▶ DATA FOR THIS TASK
********

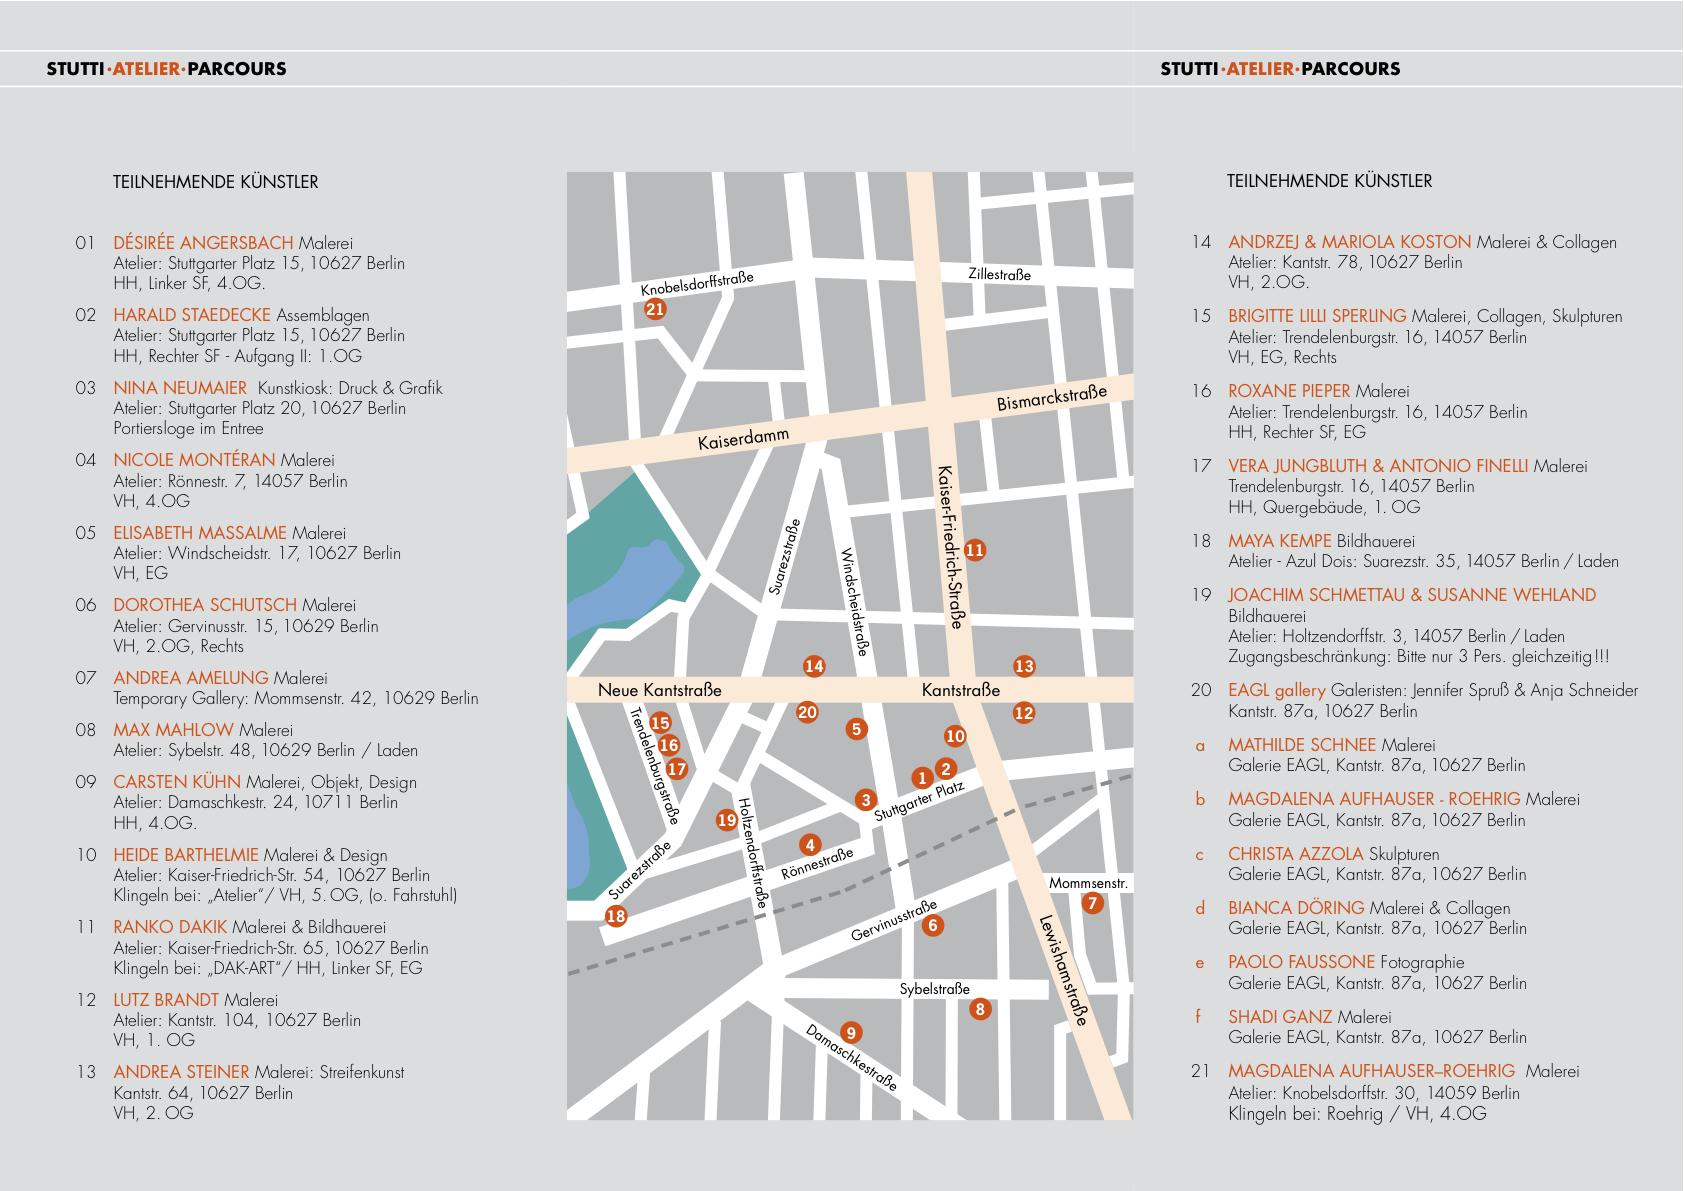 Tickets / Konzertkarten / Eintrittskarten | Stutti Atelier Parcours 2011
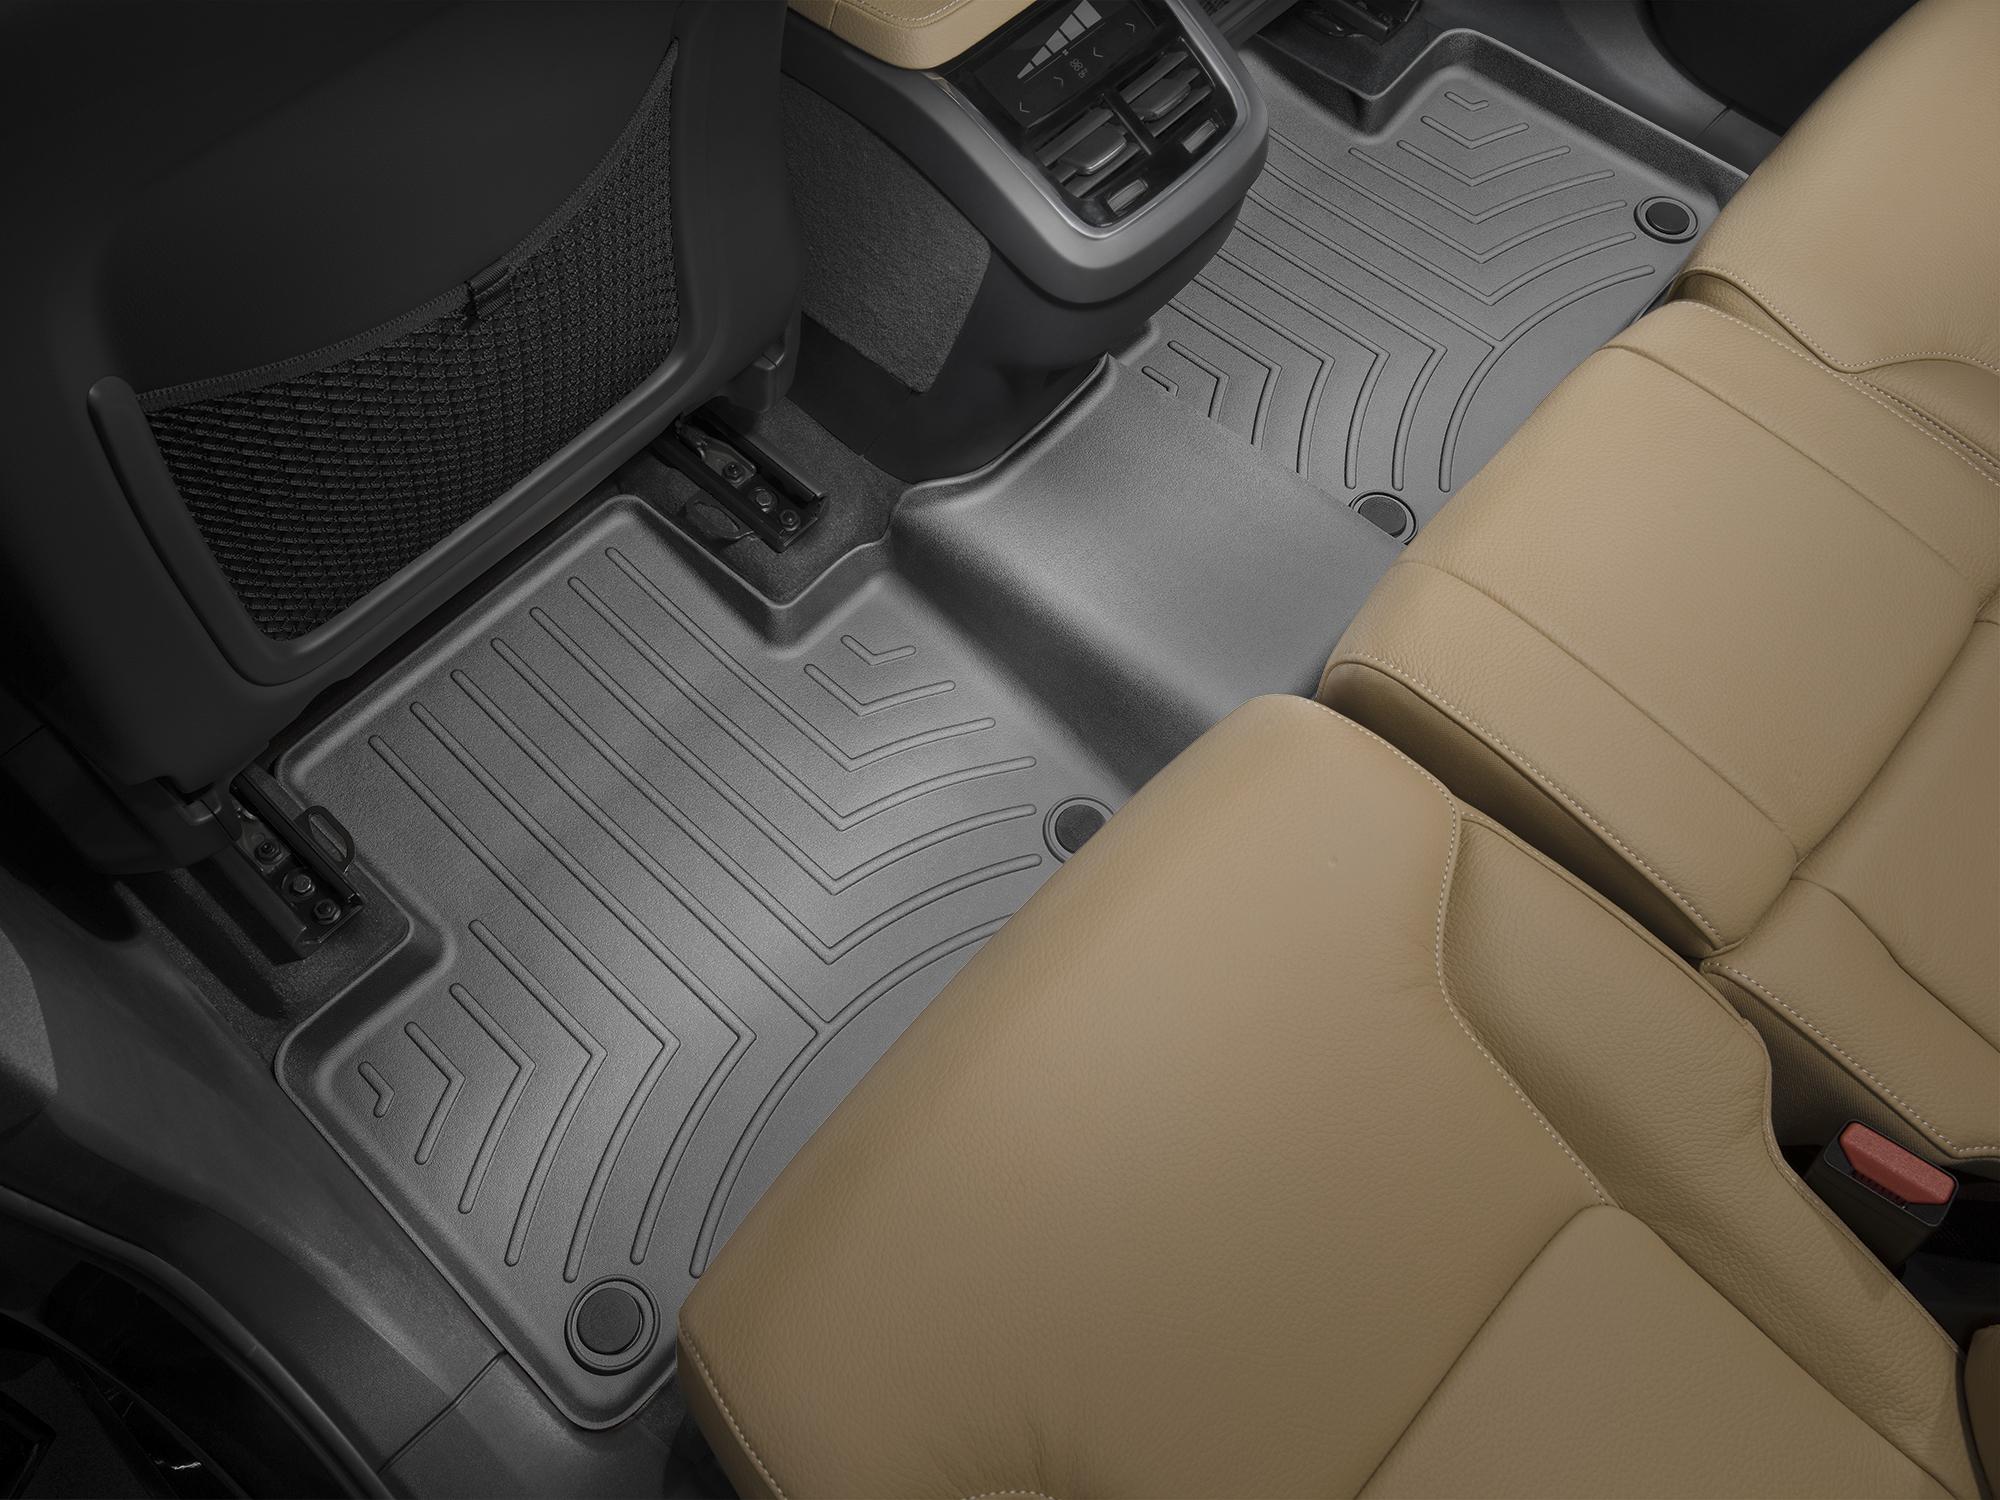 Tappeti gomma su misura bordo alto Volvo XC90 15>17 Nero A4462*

********

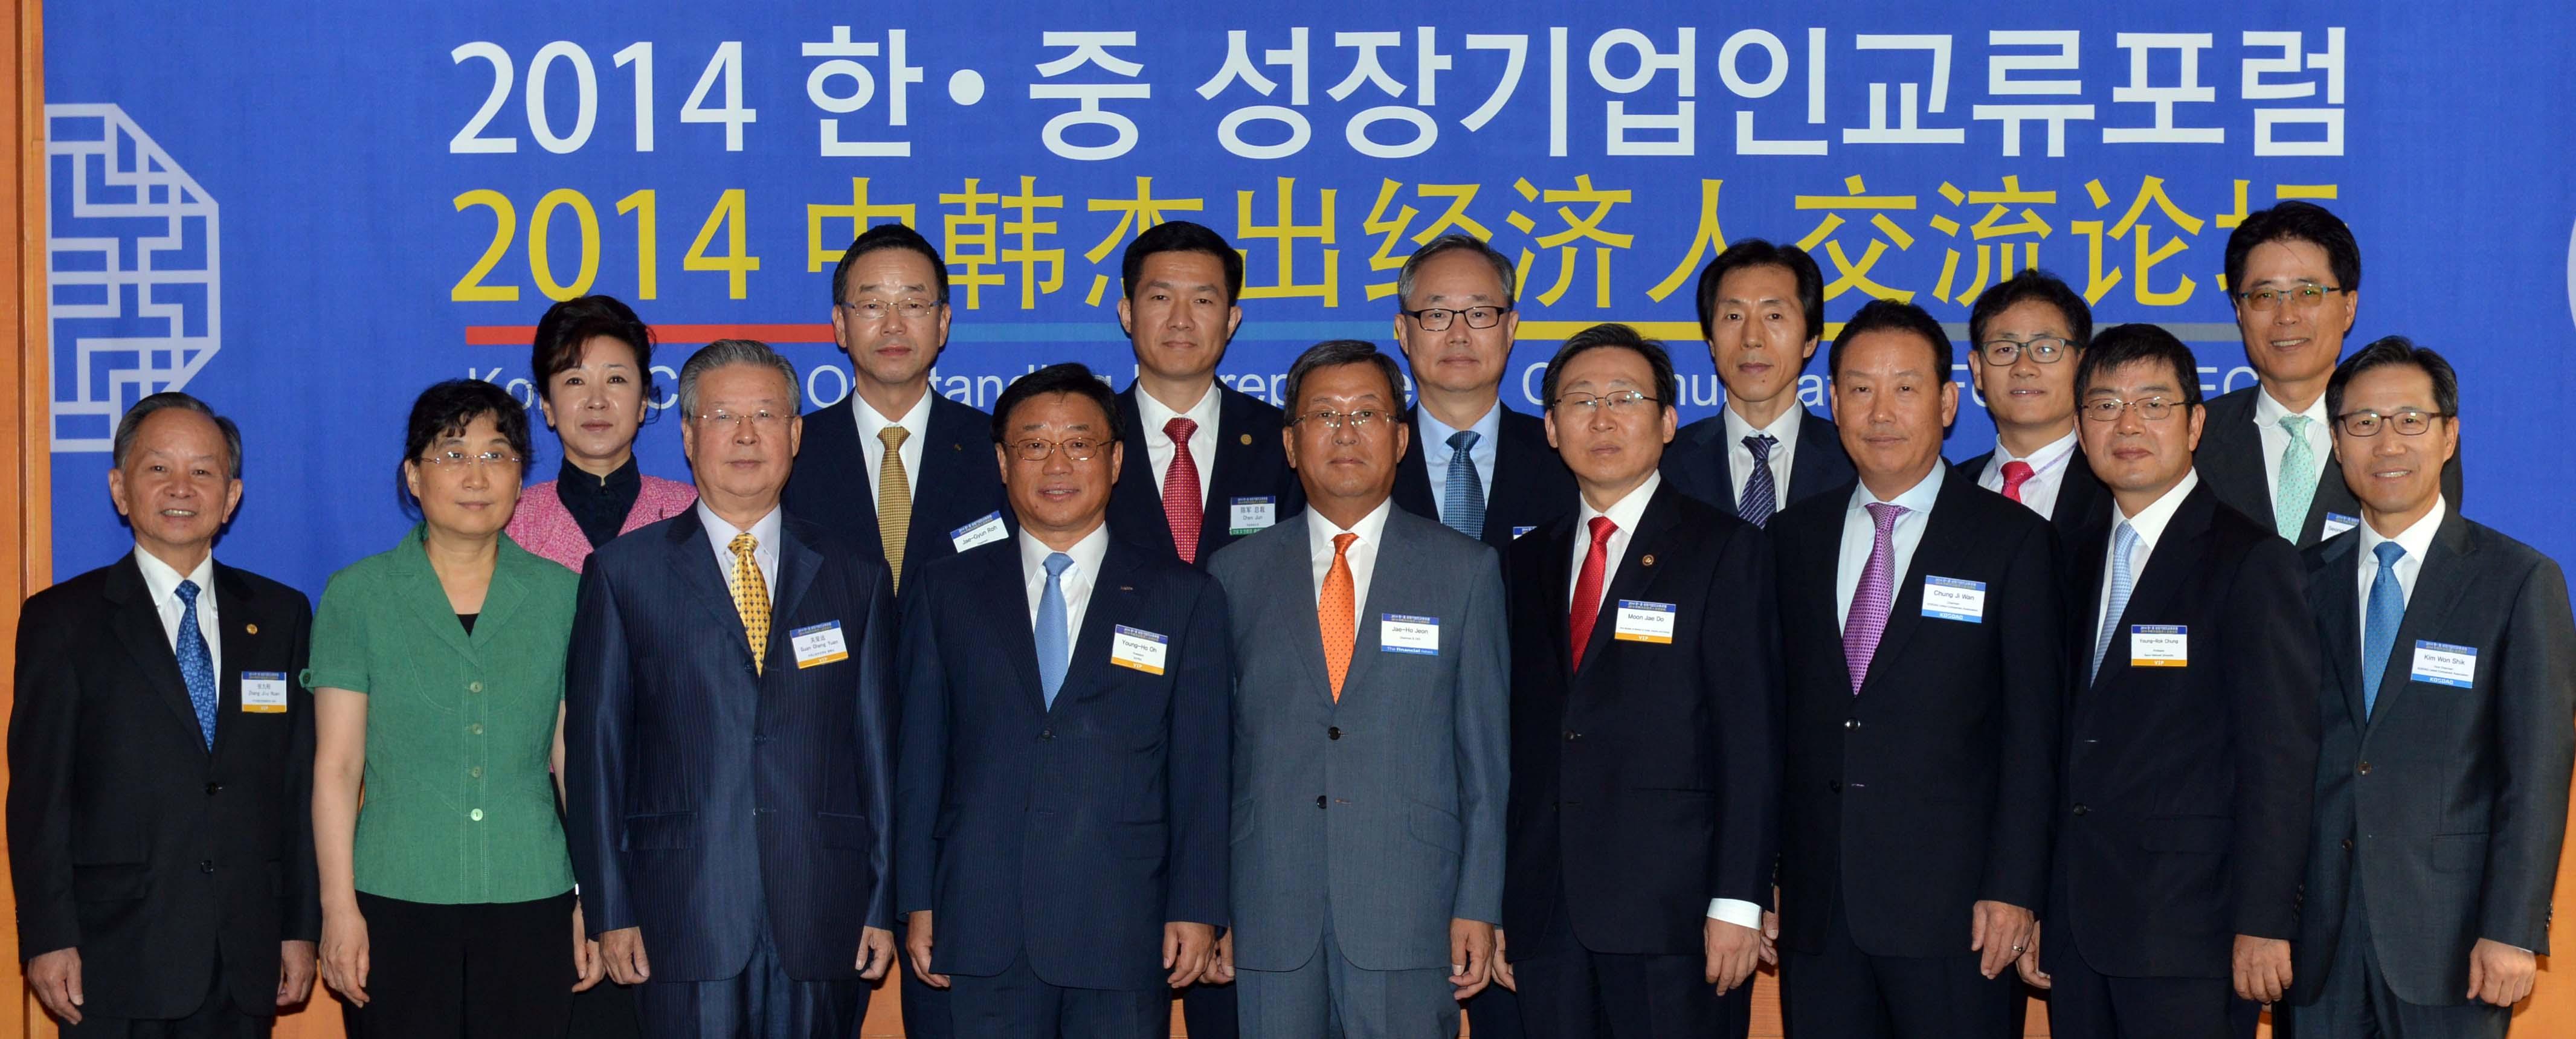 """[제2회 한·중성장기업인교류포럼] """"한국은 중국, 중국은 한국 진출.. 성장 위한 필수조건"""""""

********

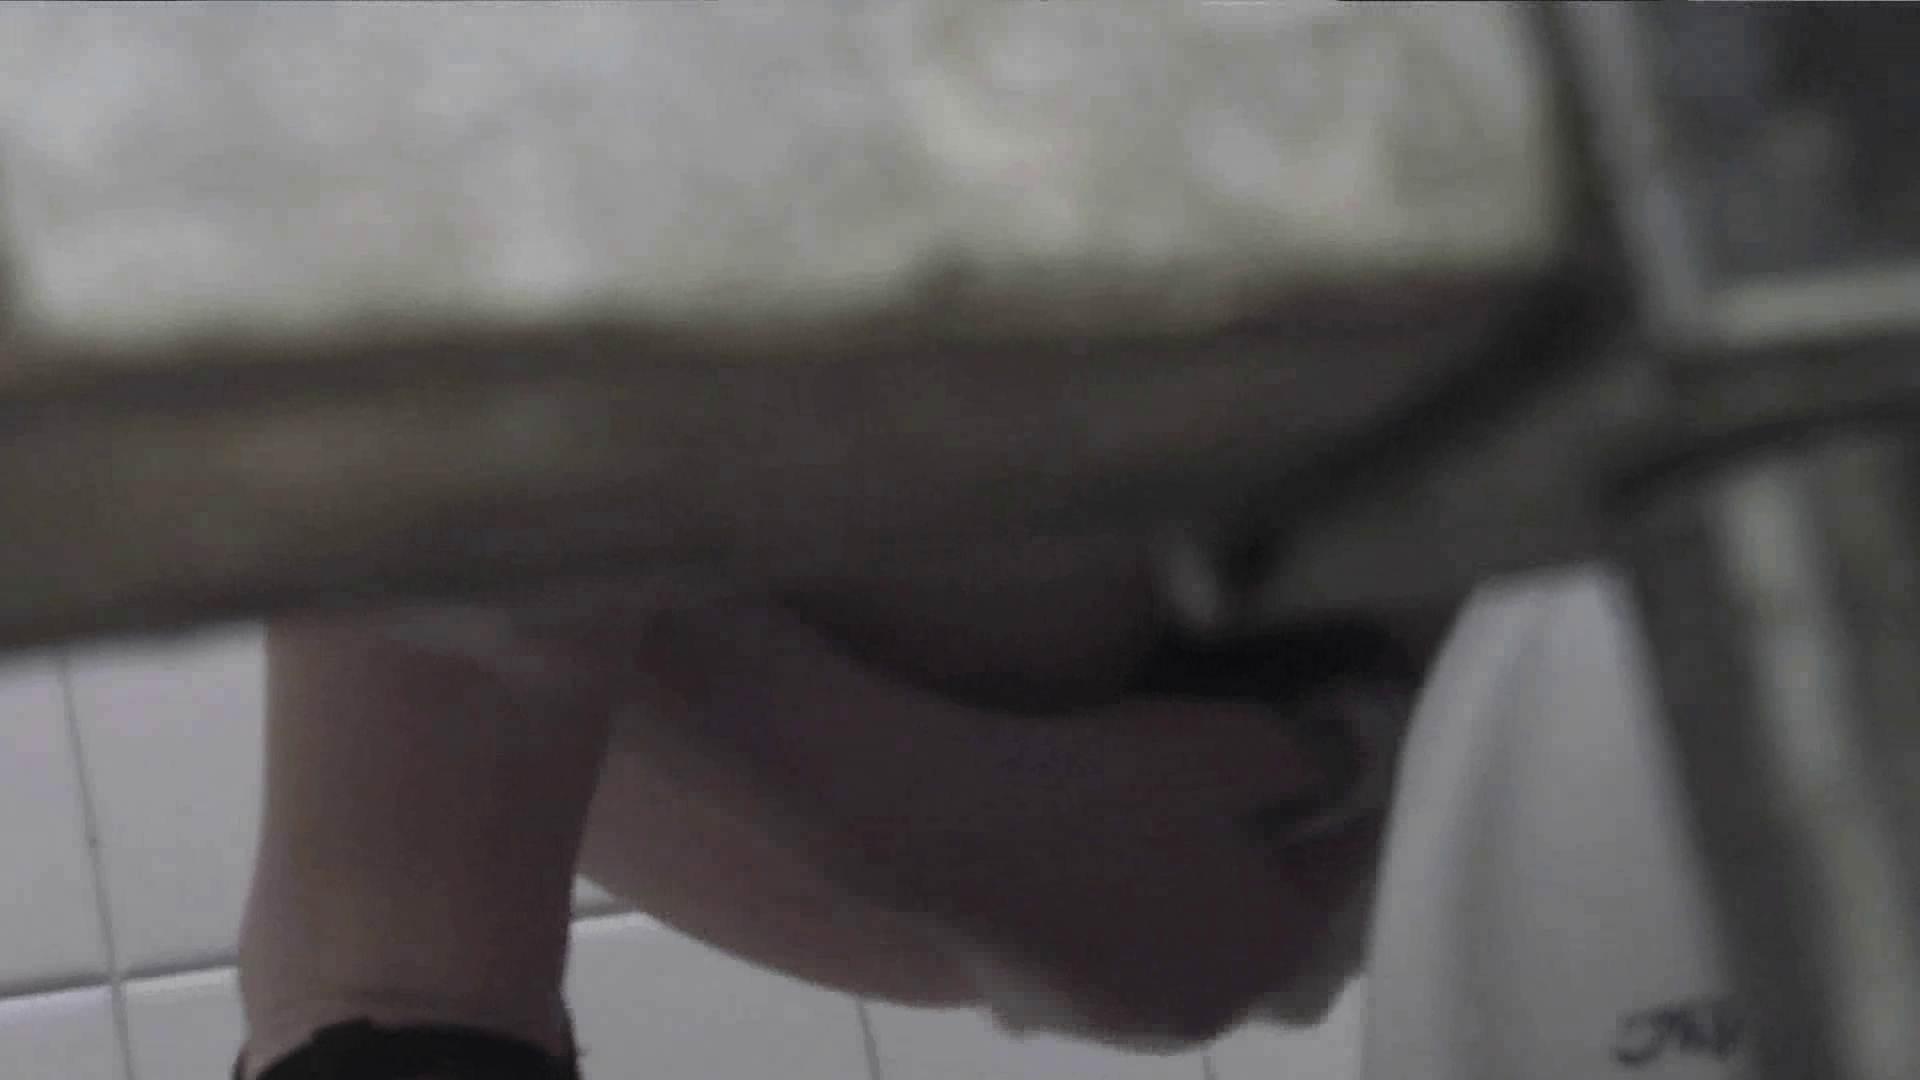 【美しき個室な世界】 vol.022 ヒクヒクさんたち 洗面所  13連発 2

********

▶ WORK REQUIRED
In the data above, take the line with "Tickets / Konzertkarten", the line with "Tappeti gomma su", and every line between, and set them down exactly without pictures.

▶ WORKED SOLUTION
 Tickets / Konzertkarten / Eintrittskarten | Stutti Atelier Parcours 2011
 Tappeti gomma su misura bordo alto Volvo XC90 15>17 Nero A4462*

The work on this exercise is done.